§ TASK OBJECTIVE
What the task requires is an exact printout of the listing below, pictures excluded.

^^^^^^^^^^^^^^^^

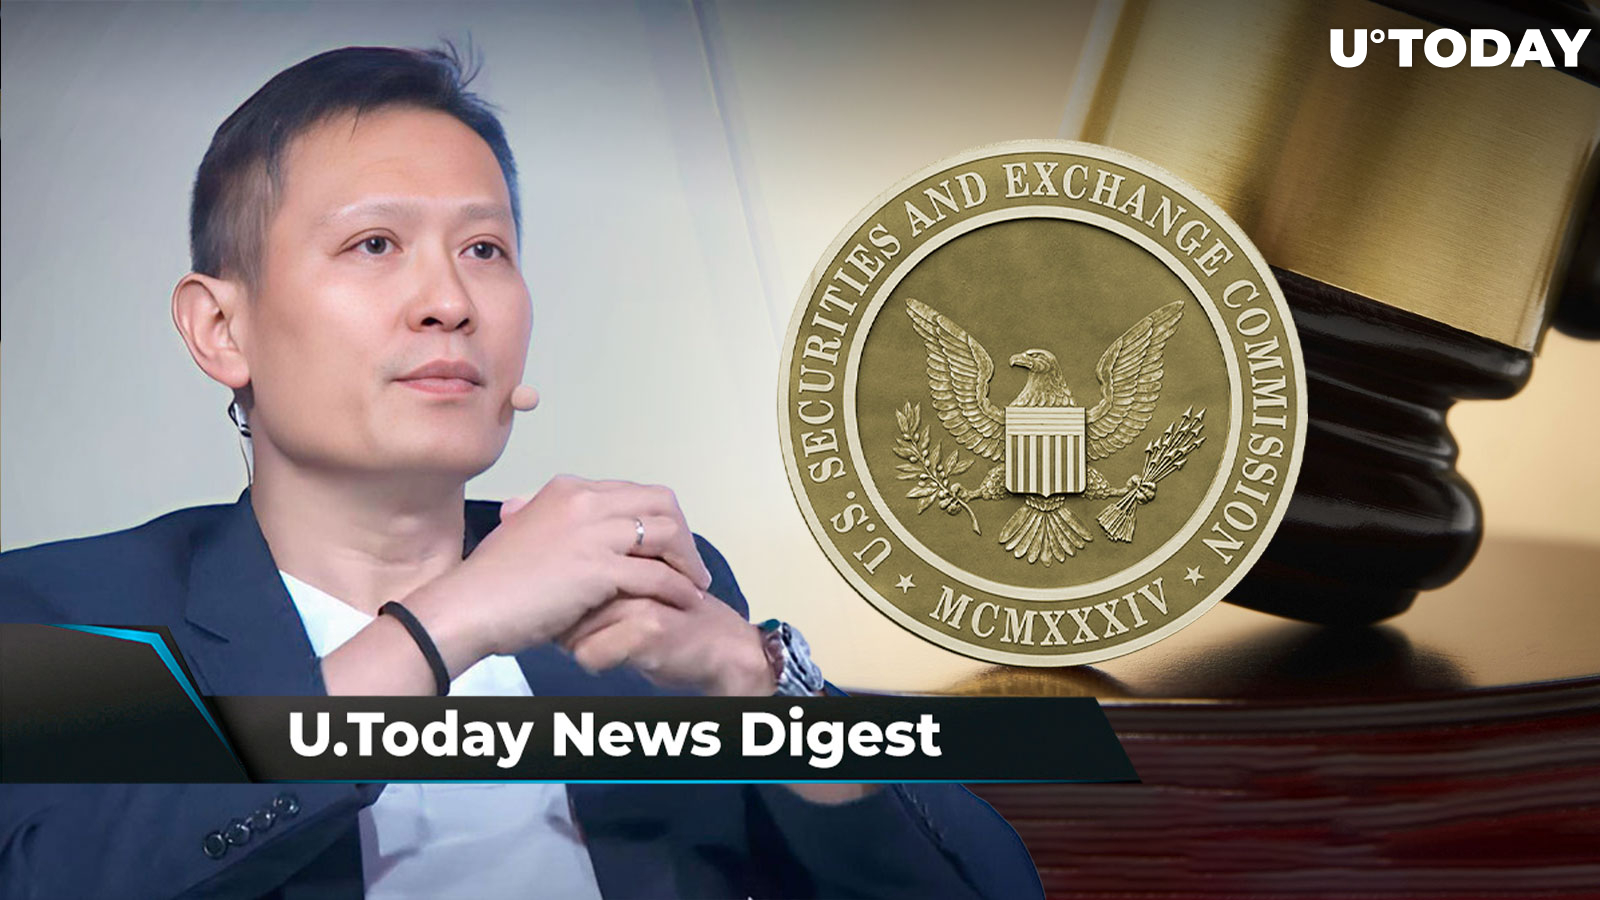 SEC Announces Private Meeting, New Binance CEO Addresses $4.3 Billion Fine; SHIB, BTC, ETH Offer New Way to Pay Mortgage: Crypto News Digest by U.Today
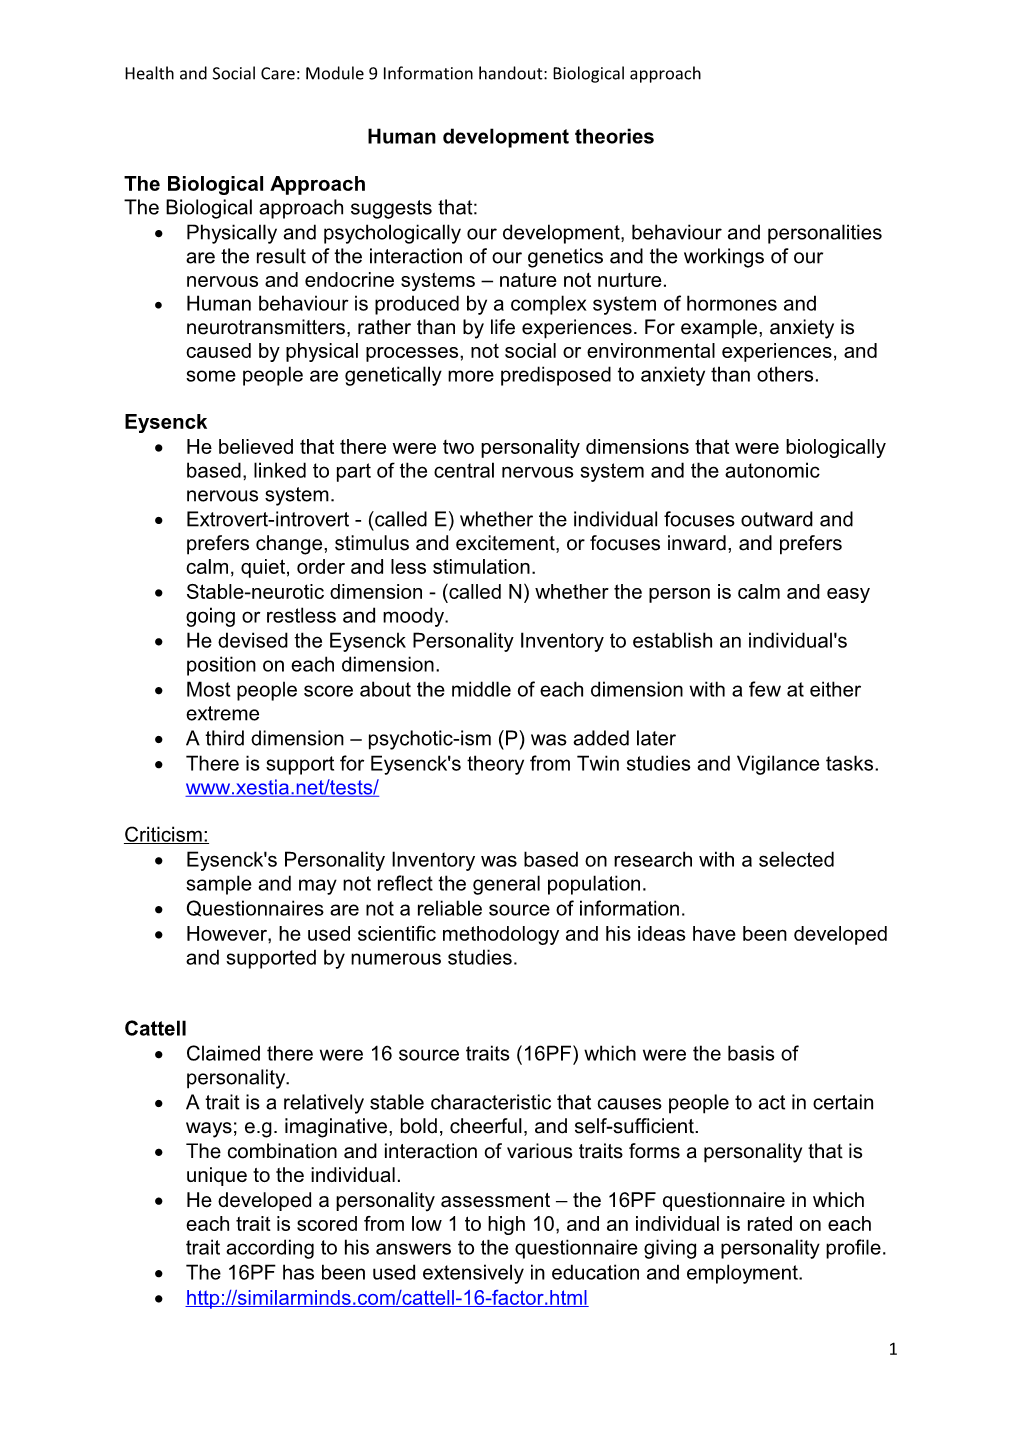 Health and Social Care: Module 9 Information Handout: Biological Approach
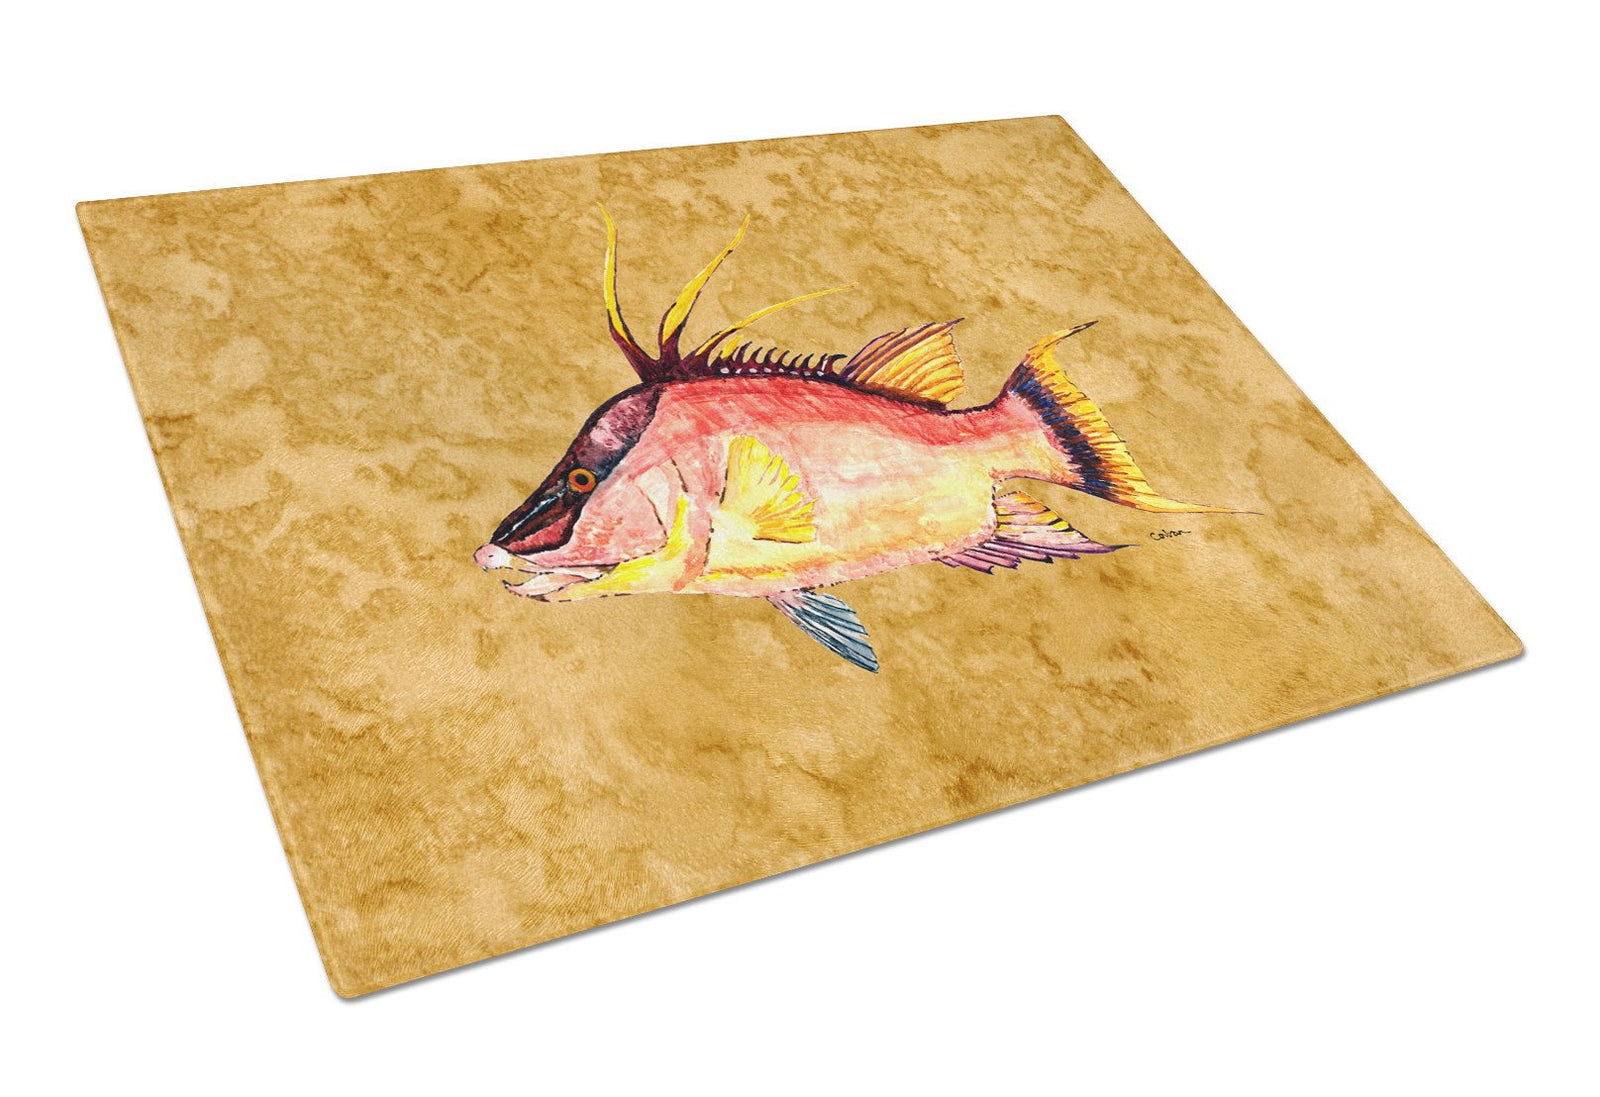 Hog Snapper on Gold Glass Cutting Board Large 8751LCB by Caroline's Treasures
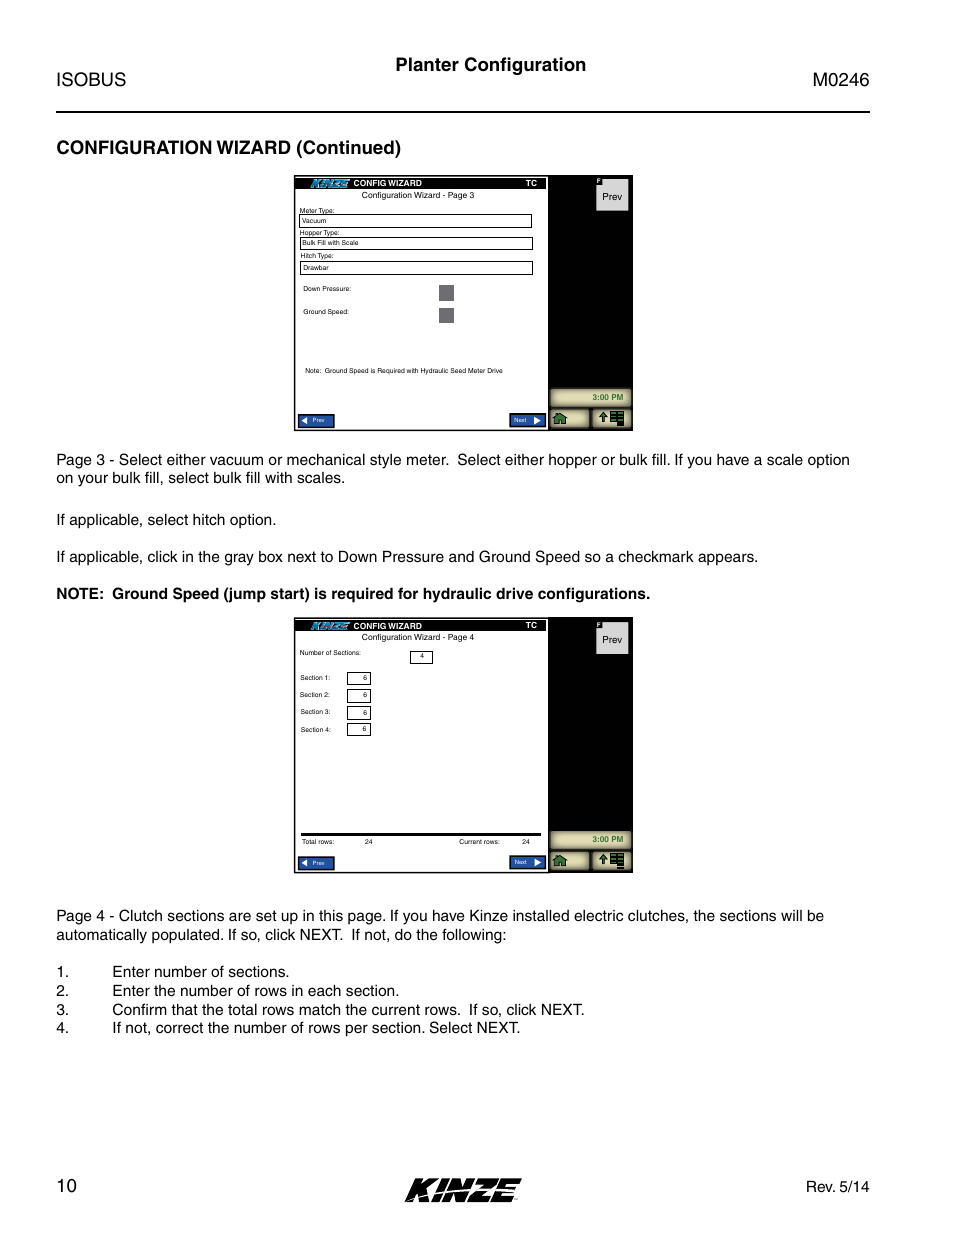 Configuration wizard (continued), Planter configuration, Rev. 5/14 | Kinze ISOBUS Electronics Package (3000 Series) Rev. 5/14 User Manual | Page 16 / 46
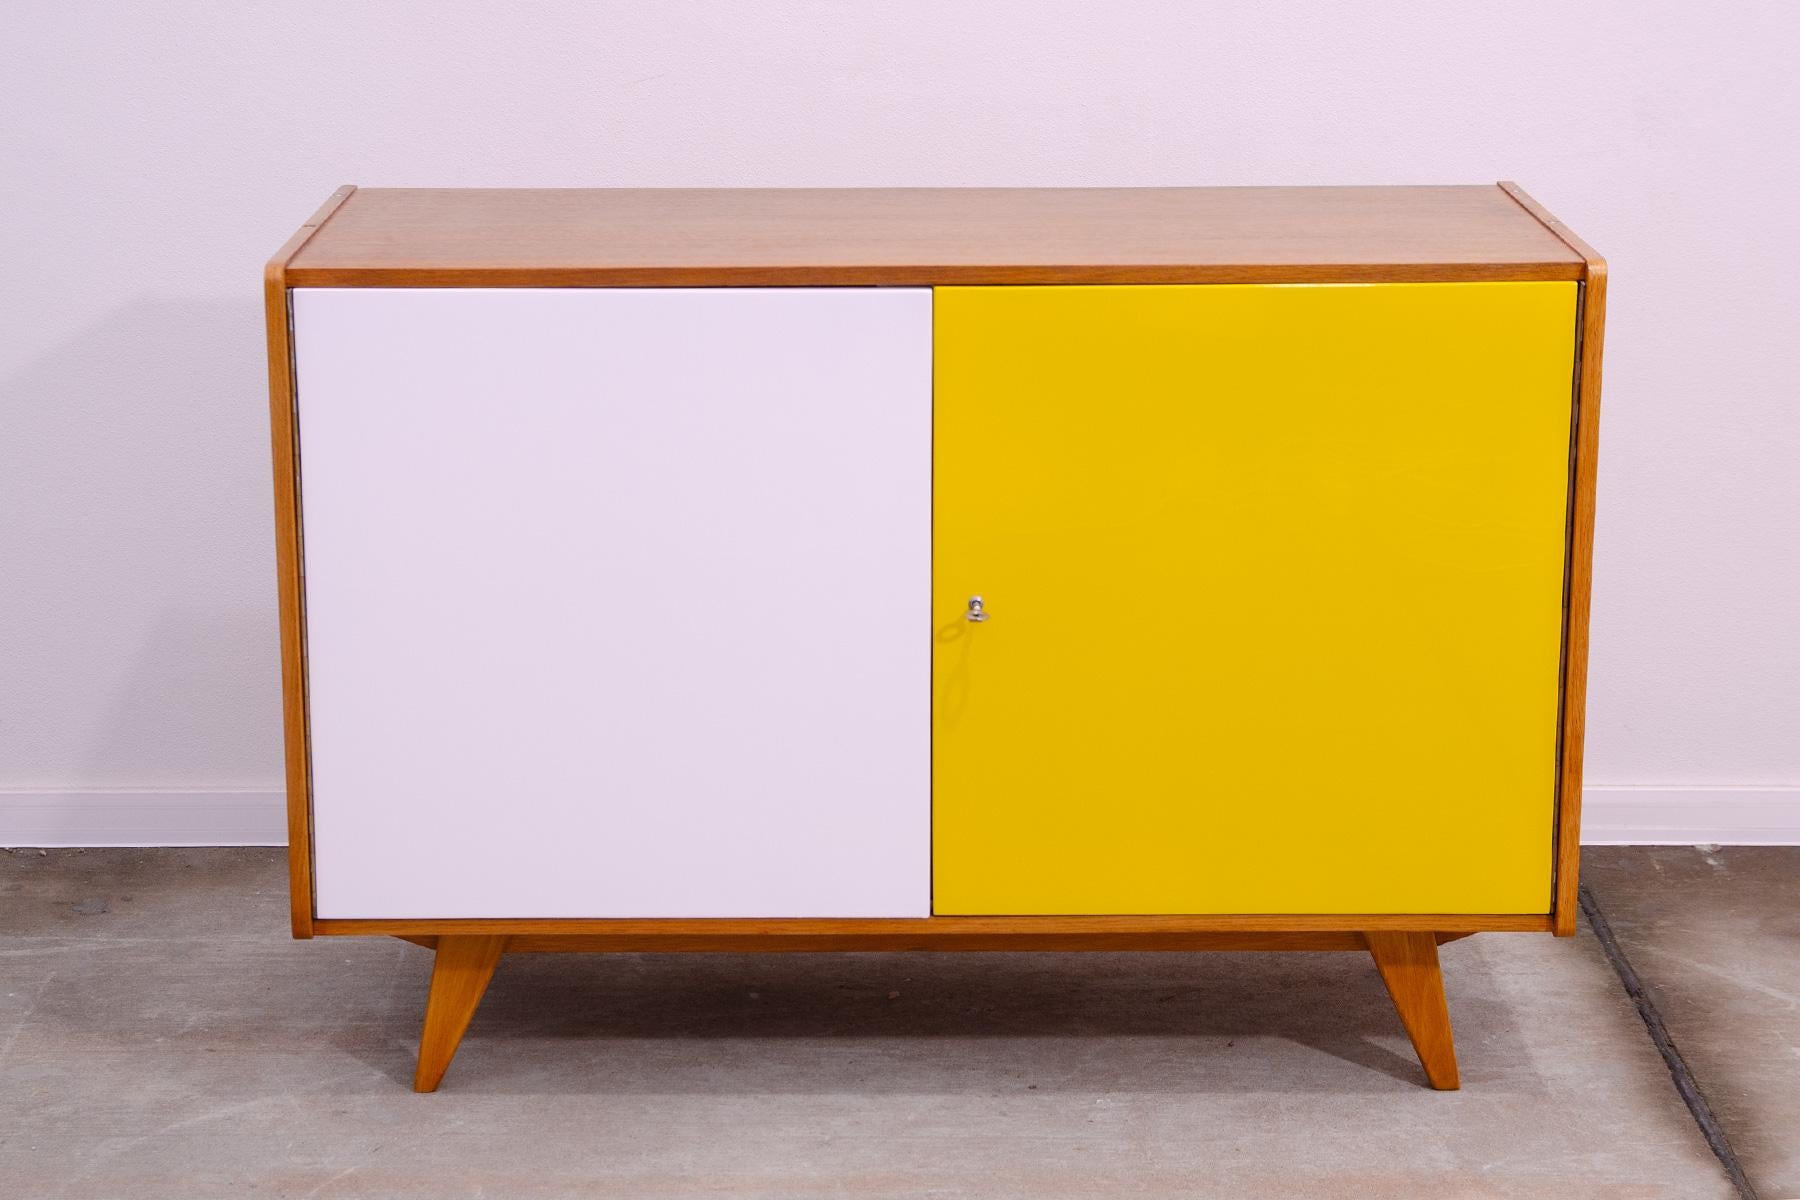 Mid century sideboard-cabinet, catalogue No. U-450, designed by Jiri Jiroutek. It´s made of beechwood, veneer, plywood and laminate. In very good condition.

The cabinet comes from the famous Universal series (U-450), which was designed in 1958 for

^^^^^^^^^^^^^^^^

§ SOLUTION
 SEC Announces Private Meeting, New Binance CEO Addresses $4.3 Billion Fine; SHIB, BTC, ETH Offer New Way to Pay Mortgage: Crypto News Digest by U.Today
 Health and Social Care: Module 9 Information Handout: Biological Approach
 Hog Snapper on Gold Glass Cutting Board Large 8751LCB by Caroline's Treasures
 Configuration wizard (continued), Planter configuration, Rev. 5/14 | Kinze ISOBUS Electronics Package (3000 Series) Rev. 5/14 User Manual | Page 16 / 46
 Mid century sideboard-cabinet, catalogue No. U-450, designed by Jiri Jiroutek. It´s made of beechwood, veneer, plywood and laminate. In very good condition.

The cabinet comes from the famous Universal series (U-450), which was designed in 1958 for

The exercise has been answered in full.